Every Thursday I share a little bit (in sequence) about a wonderful year I spent back in 2010/2011 sailing across the Atlantic (twice) and up through the Caribbean. All the posts are tagged together here if you want to read back! Last week we were re-capping the first half of our sail back across the Atlantic, from Bermuda to the Azores.
We reached the half way point of our trip across the Atlantic on Day 7, the 22nd May 2011. At this point the weather seemed to have clearly changed from our lovely winter of sun in the Caribbean to English weather. The wind had increased and the boat was heeled over, rocking and rolling and ducking and yawing, the world around us creaking with every moment. The increased wind did mean we made a Triple D record in terms of speed and distance covered – 182 miles in one day. Here are some thoughts from my night shift:
I should explain that my writing is so bad because we have 15 knots and a sea hitting us on the side. There is a tanker passing within two miles of my starboard side, bound for the Bahamas. There are also what I hope are a series of squalls to my port side as I cannot see any lights. A bit worrying as it is the shape of a boat on the radar screen. However, its not currently headed towards us so I will keep an eye on it. Another annoying thing is that the wind has got up; I really don’t want to have to reef – it is difficult to put the second reef in alone and I don’t want to have to wake mum up!
The wind continued to die overnight. Although it looked like it was going to be a lovely day at 7am, by the time I woke up at 1130 it had clouded over and it even rained for a bit. While other sailors may be miserable in the rain, huddled outside in their oilies, the layout of Triple D meant that we could be nice and snug inside, even able to keep a watch through all the windows in the raised saloon.
We were still seeing a lot of wildlife – minky whales, and on one night watch, mum said that the boat was surrounded by dolphins. As it was dark, she couldn’t really see the dolphins but instead saw the ocean glittering with bioluminesence. I was so jealous!
The wind had swung round to right on the nose and so we were forced to motor (or sail in entirely the wrong direction, which we did not want to do!). The grey skies, colder weather and motoring made for a few very monotonous days. The swell was building and Triple D was heading right into it, thudding into the waves and feeling as if we were climbing mountains.
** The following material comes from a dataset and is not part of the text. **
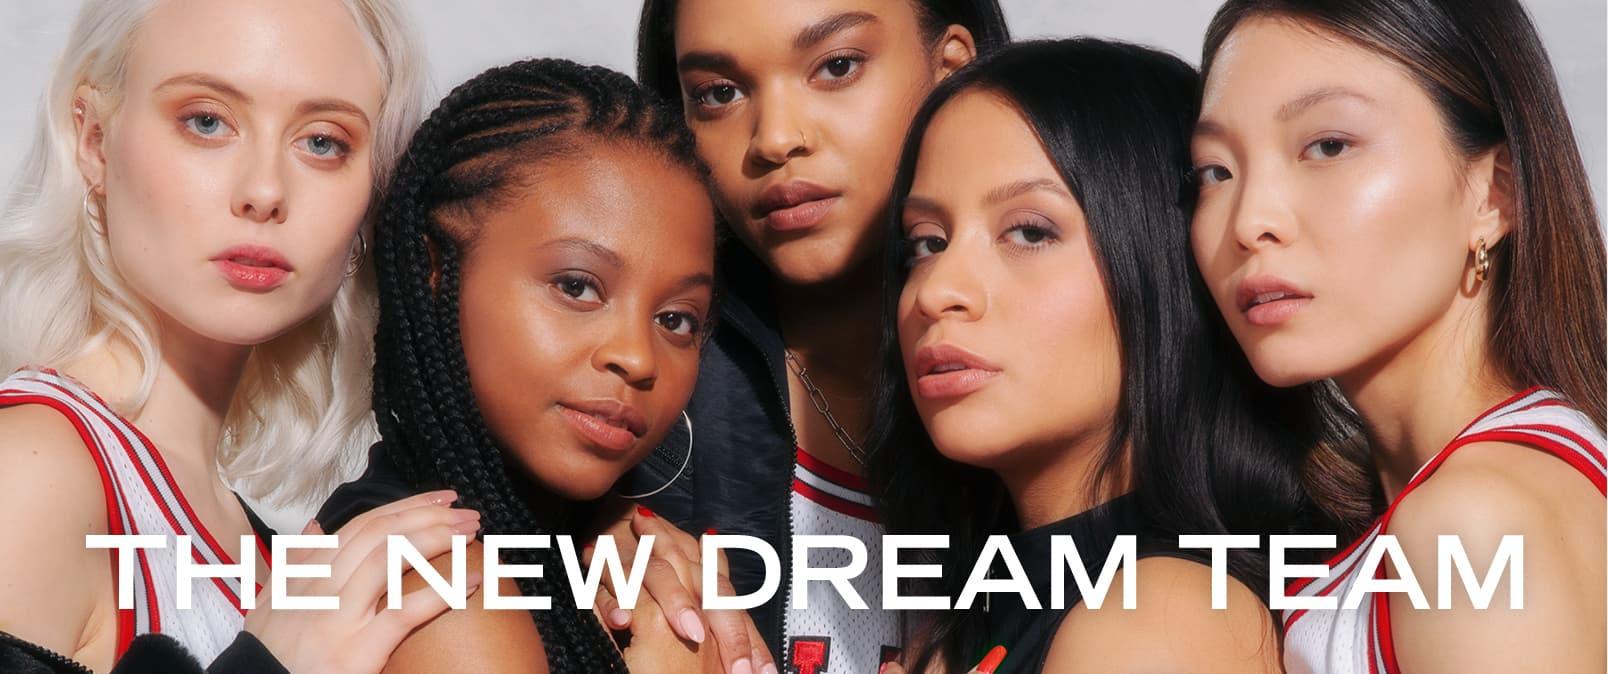 Nordstrom + NIKE Ad. Makeup by Fine Makeup ARt & Associates
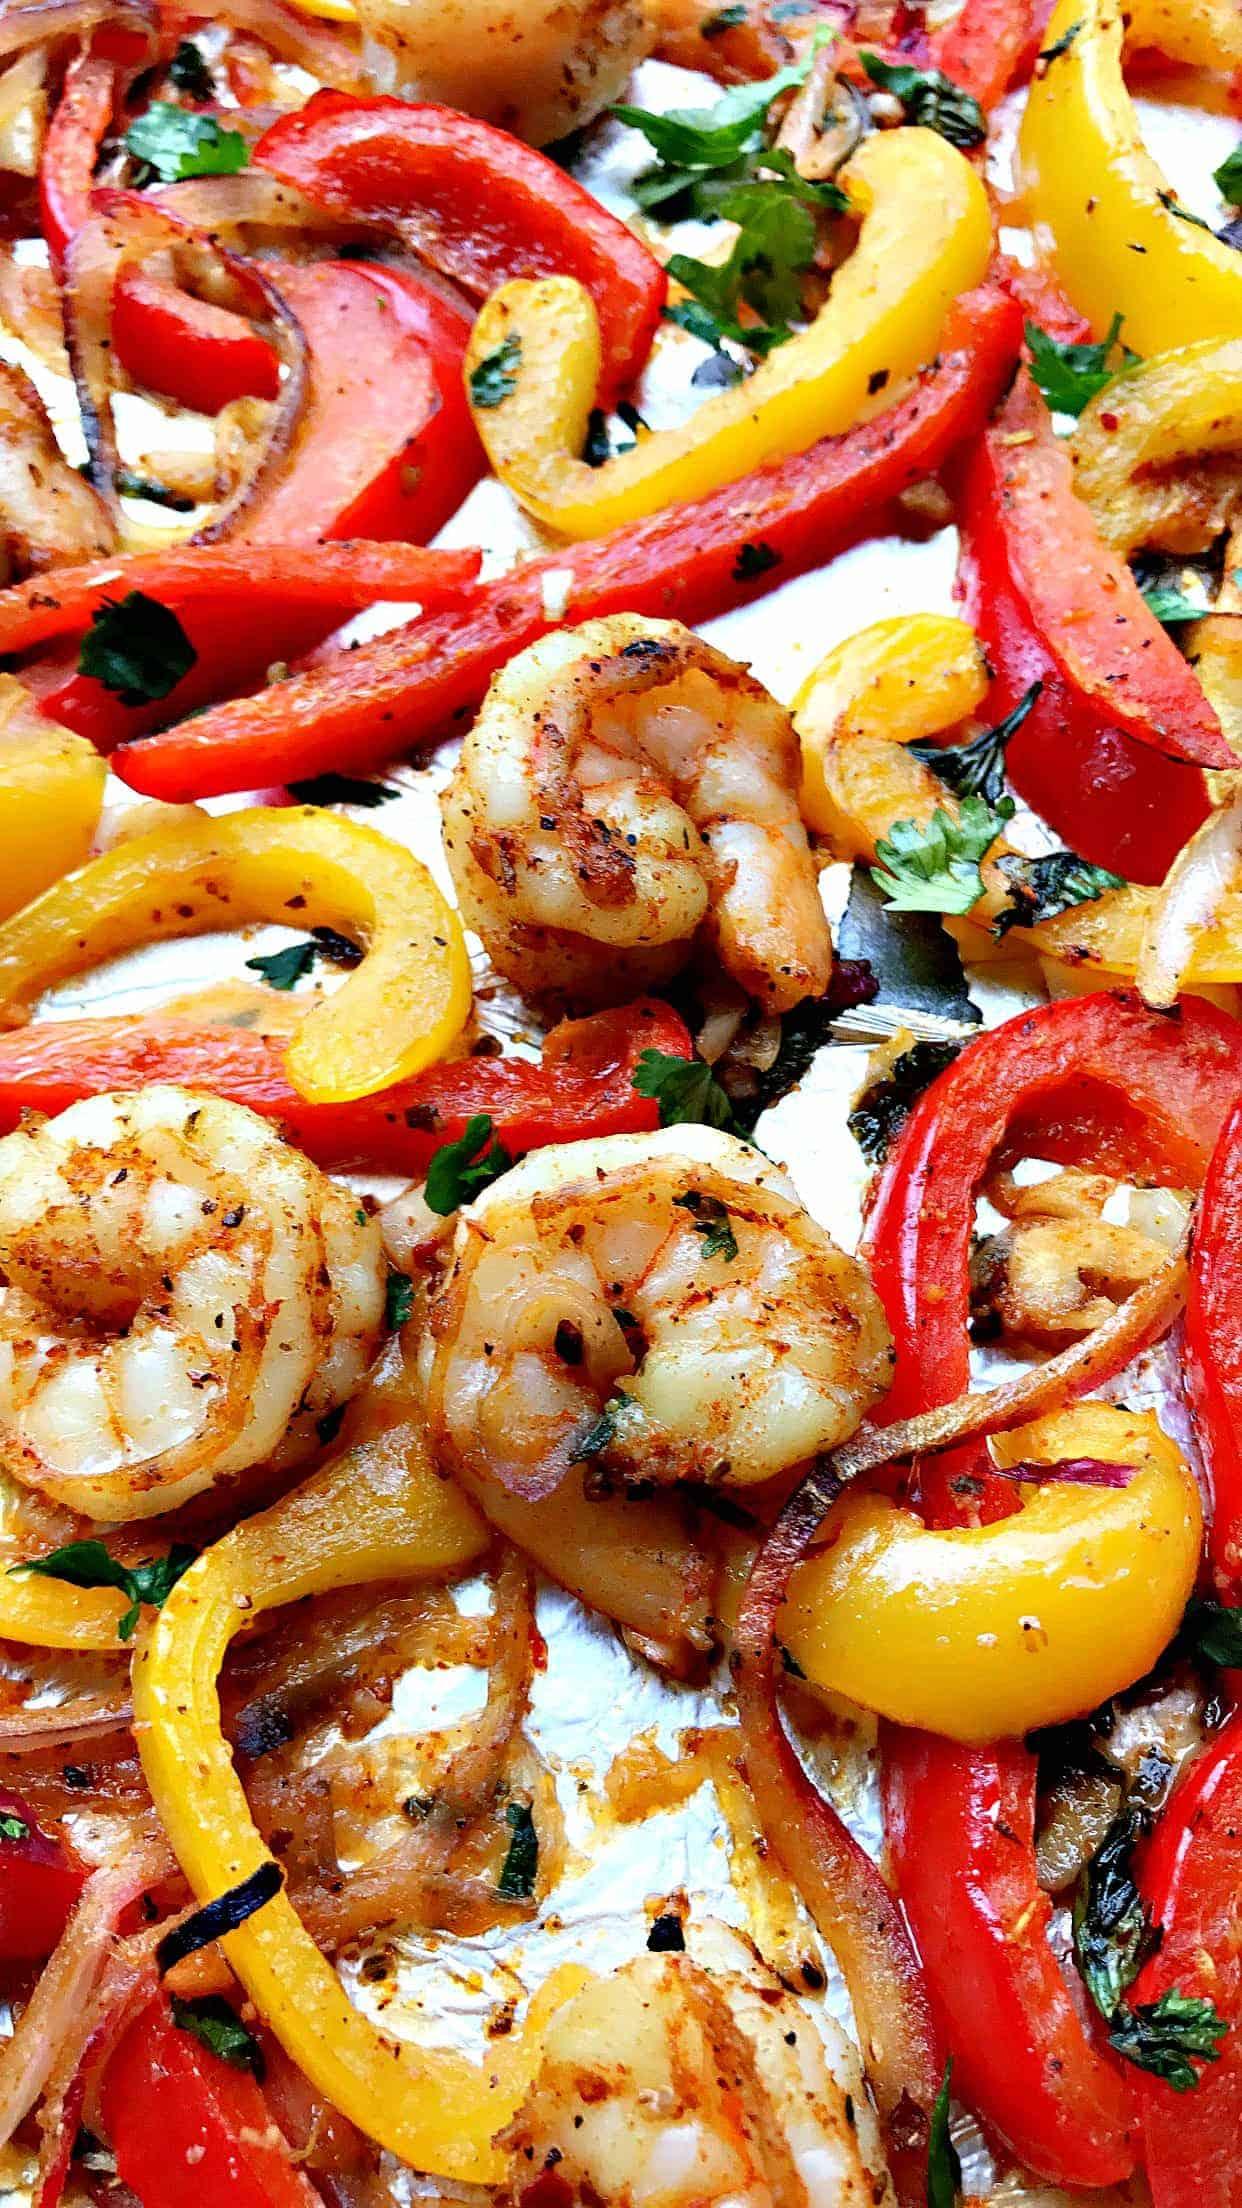 20-Minute Low-Carb One Sheet Pan Shrimp Fajitas - photo#8

By Day 12 of the crossing we were all starting to feel as if we just wanted to be on land, increasingly frustrated by our slow progress.
If we changed direction enough to sail in either direction, although we would travel much faster, we would be travelling in so much the wrong direction that it was just not worth it. So on we went, bashing into the waves under grey skies.
We joked that the winds were conspiring to send us back to the Caribbean. Europe just seemed to be cold, with grey skies, big seas and unfavourable winds, but on the other hand, the Caribbean already felt a bit like a dream.
On Day 13, we calculated that we would arrive the next day – always a good moment when you realise you are facing your last night shift at sea! Error could see Horta in the distance and just had to sail around to the Harbour.
We had a bit of a fright in the afternoon when the engine cut out for no reason, and then refused to start again. We checked the oil, the coolant – all okay – then pumped some fuel through, manually, and gave it a rest. Ten minutes later we got the engine started again and were able to keep going.
As we approached St Lucia, we wore just our bikinis during night watches. On the approach to the Azores I wrote:
Tonight I am wearing:- leggings, long socks, long-sleeved t-shirt, fleecy thermal trousers, lightweight thermal jumper, fleecy thermal jumper, hoody, fleecy polar-bear suit, oily jacket, scarf, lifejacket. I’m all wrapped up like a polar bear and finding it hard to move!
The next morning, the day we were hoping to arrive, our engine cut out again at 7am and this time pumping the fuel through manually did nothing. We changed the filter but the engine still wouldn’t start. This was more than a little concerning as we were sailing at only 3 knots so without the engine it would have taken a further 24 hours to reach Horta, and our batteries would not last that long without charging – meaning we would be sailing at night without lights.
Just as mum and I were considering our options, there was a bang from the cockpit and we ran up the companionway to see the life-raft attempting to make a break for it! The welding had come away and the liferaft had fallen off the back of the boat, luckily becoming wedged between the boat and the dinghy, so we weren’t trailing a fully-inflated liferaft! We woke Jilli up and the three of us hauled it back onto the boat and tied it into the cockpit.
Next, we bled the engine and finally got it started again – to be faced with a new concern over how much fuel we actually had left. Luckily, the wind changed in the shadow of the island and so we were eventually able to sail at a reasonable speed until nightfall, when we turned the engine on again.
At midnight, we arrived safe and sound to Horta, anchoring in the dark, so much more confident about that now than when we had first started sailing, almost a year before. Almost immediately, we went to bed – a lovely, deep sleep on a still boat!